Given data:

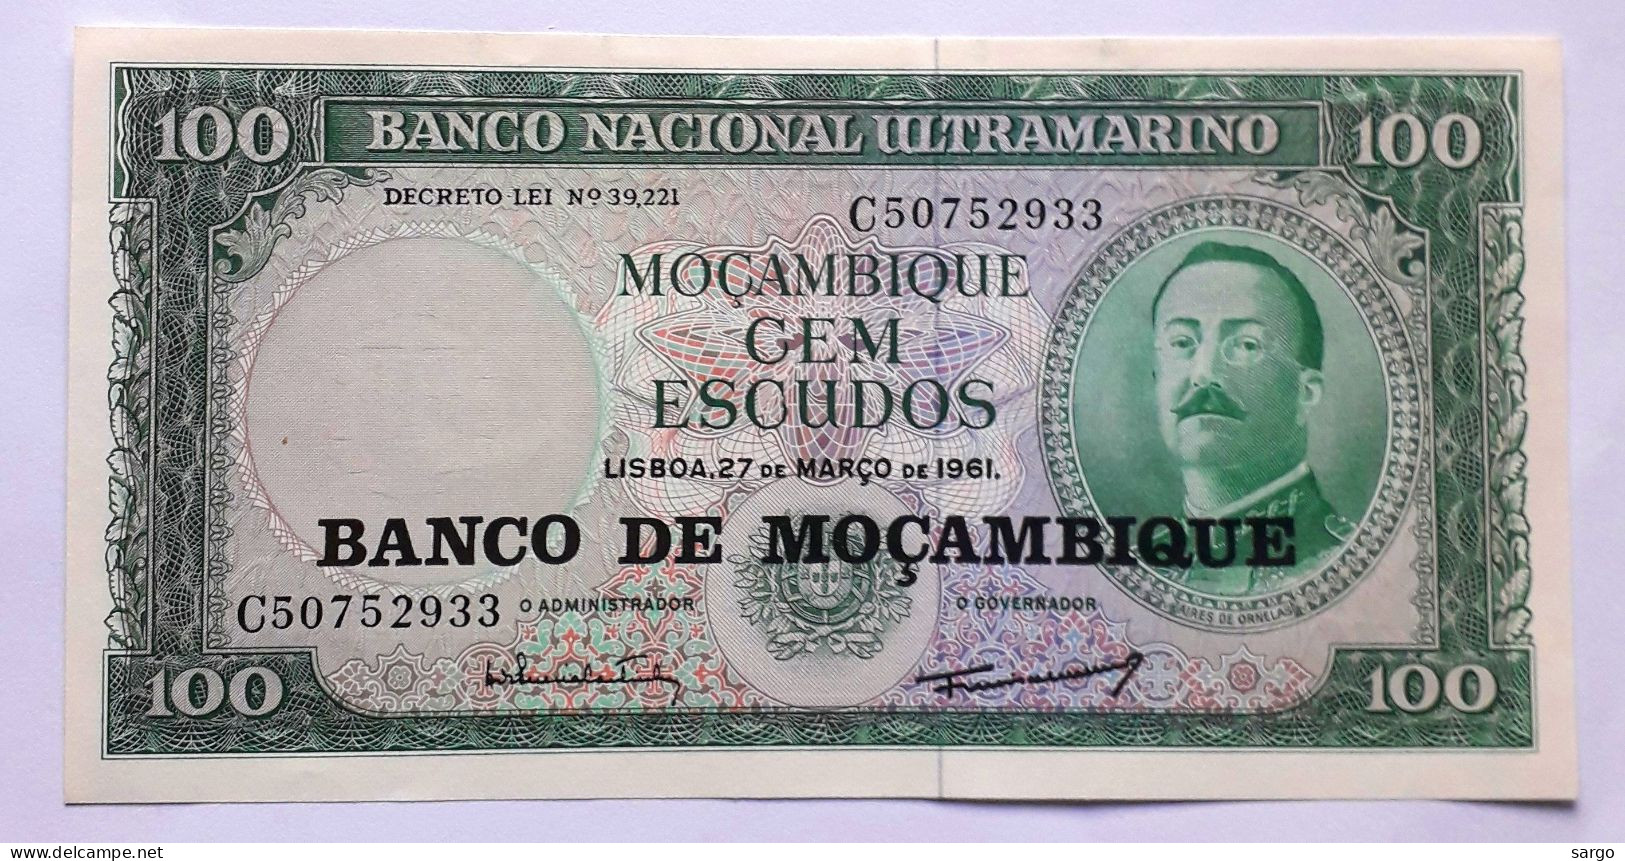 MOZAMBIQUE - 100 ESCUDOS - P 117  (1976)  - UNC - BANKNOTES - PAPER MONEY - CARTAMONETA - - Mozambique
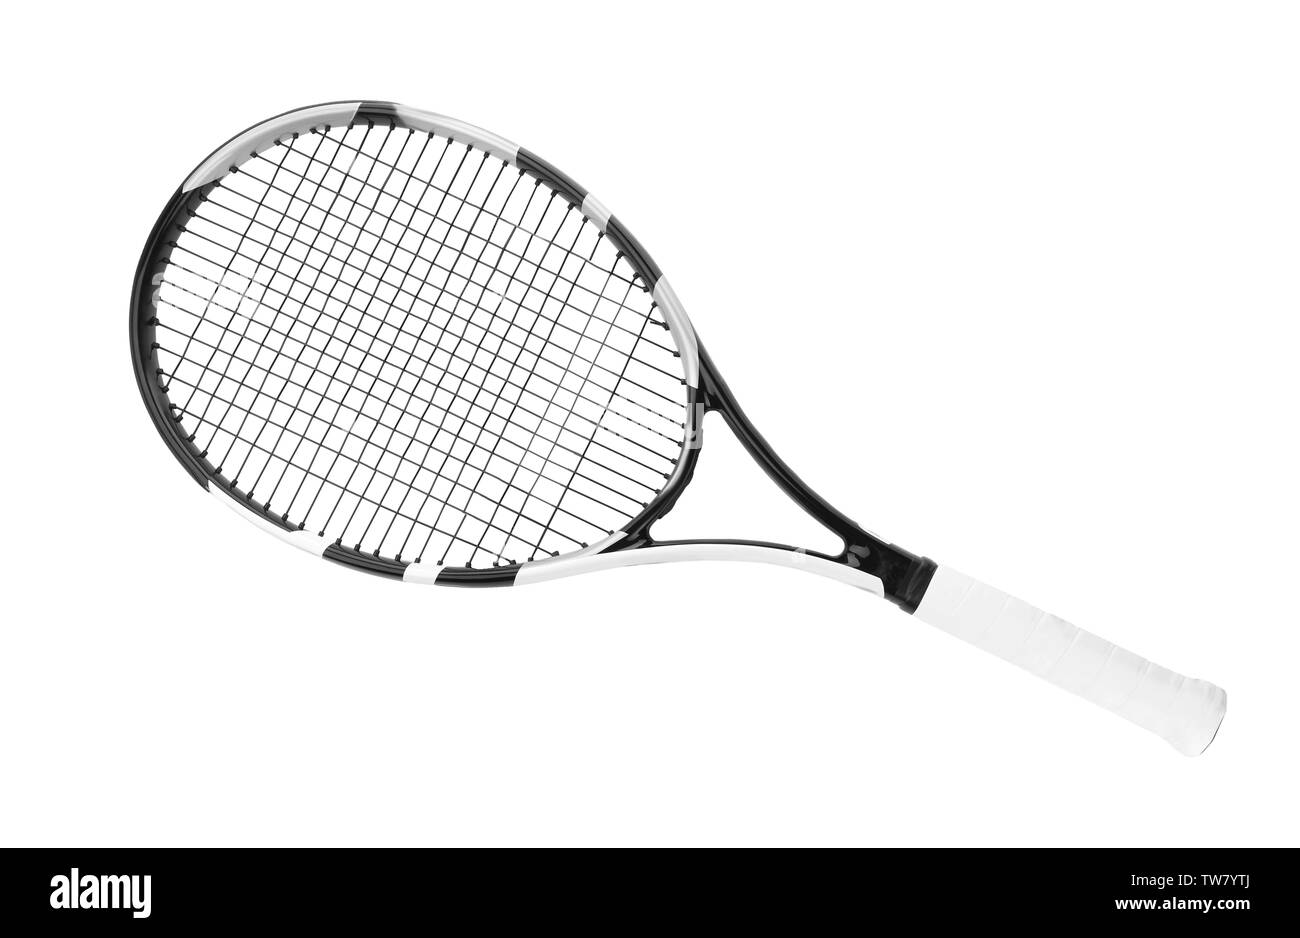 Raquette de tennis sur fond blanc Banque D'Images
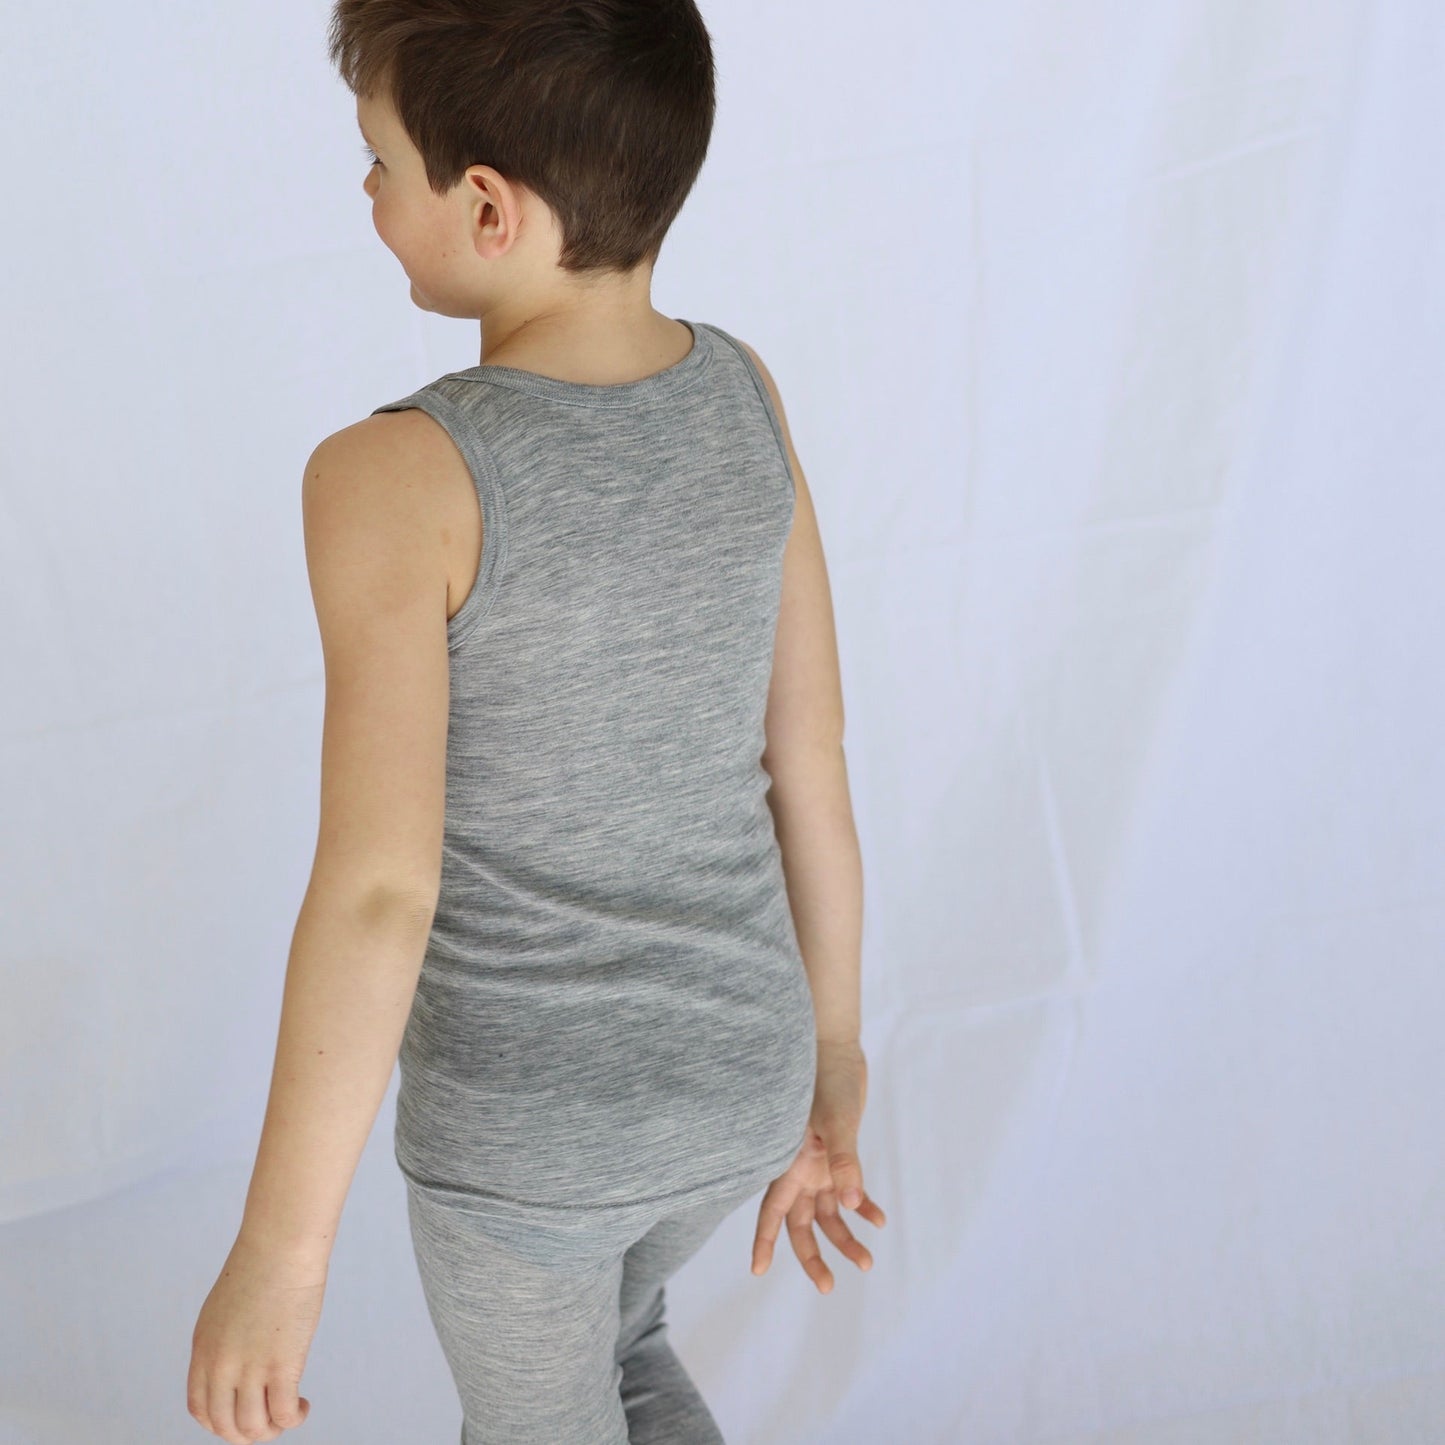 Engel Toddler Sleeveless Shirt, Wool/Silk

About this exercise:
Reproduce every line above exactly as written, omitting the images.

Answer to the exercise:
 MOZAMBIQUE - 100 ESCUDOS - P 117  (1976)  - UNC - BANKNOTES - PAPER MONEY - CARTAMONETA - - Mozambique
 Raquette de tennis sur fond blanc Banque D'Images
 Engel Toddler Sleeveless Shirt, Wool/Silk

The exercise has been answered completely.